The other interesting comment concerns the reliability and uses of BIS vs. STATS hit-location/"batted ball type” data.  Jinaz suggests that there are obvious differences between the BIS and STATS data which contribute significantly to the different results in the rating systems, and that the best approach is a combined one. Rally has done yeoman’s work in this regard (http://home.comcast.net/~briankaat/statsite.html).


#2    Rally      (see all posts) 2007/10/31 (Wed) @ 11:00

Thanks Mike.

Comcast recently upgraded me from 25 mb of web space to a full gig.  All for the same price.  Over the offseason I intend to put lots of stuff on that site, including the fielding stats I created from retrosheet.


#3    Tangotiger      (see all posts) 2007/10/31 (Wed) @ 11:25

What kind of bandwidth do they give you?  My host gives me tons.  If you need the bandwidth, let me know.  This applies to anyone else out there, too.
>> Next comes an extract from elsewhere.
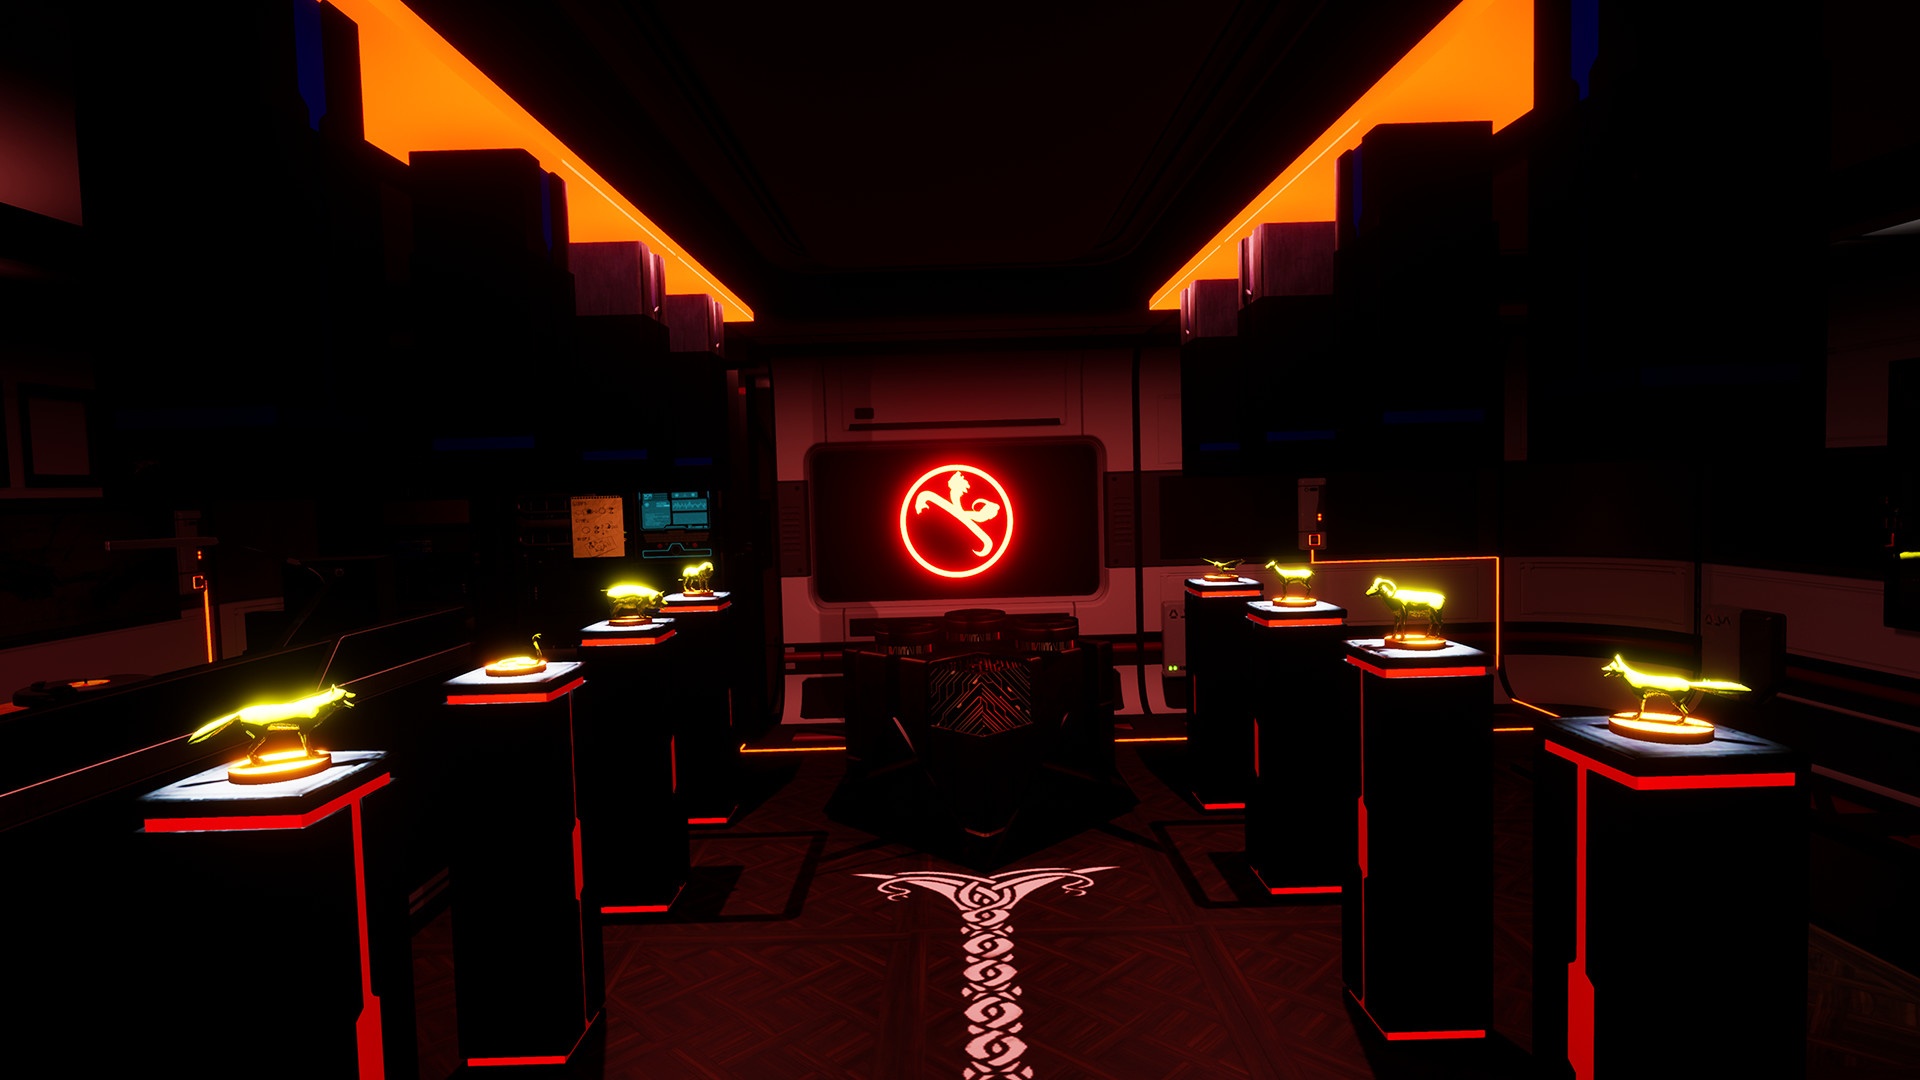 Oculus Quest 游戏《DEUS EX MACHINA: Episode 1》密室逃脱:第 1 集插图(1)

#4    Rally      (see all posts) 2007/10/31 (Wed) @ 15:18

I’m not really sure.  I’m a novice at stuff like that so pardon the dumb questions, but if bandwidth is a problem, then if a lot of people want to view my stuff it will take a long time to load, right?

To this point, I’ve never had a problem, and I’m sure a lot of people downloaded the CHONE projections last year.


#5    Tangotiger      (see all posts) 2007/10/31 (Wed) @ 16:14

Hosts limit your bandwidth.  The standard host will give you something like 10 GB (10,000 MB) of bandwidth per month, and 1 GB of disk space.  Your 3 files on your site totals 0.5 MB.  If your host gives you 10 GB of bandwidth, that means 20,000 people can download your files per month.  If you start offering the annual Retrosheet files, that might mean you are going to multiply everything by 50, meaning that you will be down to say 400 users who can download everything.  So, just be aware of the size of your downloads.

I don’t know how much Comcast offers.


#6    Tangotiger      (see all posts) 2007/10/31 (Wed) @ 17:40

Rally, this is what Cablevision offers its customers, as part of their “boost” program, for 9.95$ a month:
http://www.optimum.com/order/boost/features.jsp

I presume Comcast has something similar?  It’s a fair deal, which probably is excellent if the boost is worth it to its customer.  Since they offer free domain name, you should take advantage.


#7    Rally      (see all posts) 2007/10/31 (Wed) @ 20:00

I checked with Comcast, they told me there were no bandwidth limits, which is sweet.  They have not yet upgraded to 1 GB, so I’m at 25 MB storage space, but I think they’ll have it ready before I put enough stuff up there to exceed it.


#8    Tangotiger      (see all posts) 2007/11/06 (Tue) @ 15:03

Jinaz on the catchers:
http://jinaz-reds.blogspot.com/2007/11/player-value-part-3c-fielding-catchers.html

Where he says:

Using the procedure outlined above, below are fielding estimates for 2007 catchers with a minimum of 400 innings behind the plate. FWIW, the correlation between the {Fans’} data and the sum of the empirical fielding ratings (listed below as +-Runs) was 0.60, which is encouraging.

This is definitely great news.  We see here a good relationship between The Fans’ evaluations and performance data.

Note that the intertwining relationship between pitchers and catchers is covered here (1974-1990):
http://www.tangotiger.net/catchers.html

Note: in the THT 2008 Annual, I will have it updated for all the Retrosheet years (1957-2006, except 1999).


#9    Anthony      (see all posts) 2007/11/06 (Tue) @ 17:50

#8: The link to the catchers study has a typo...missing a ‘t’ in ‘tangotiger.’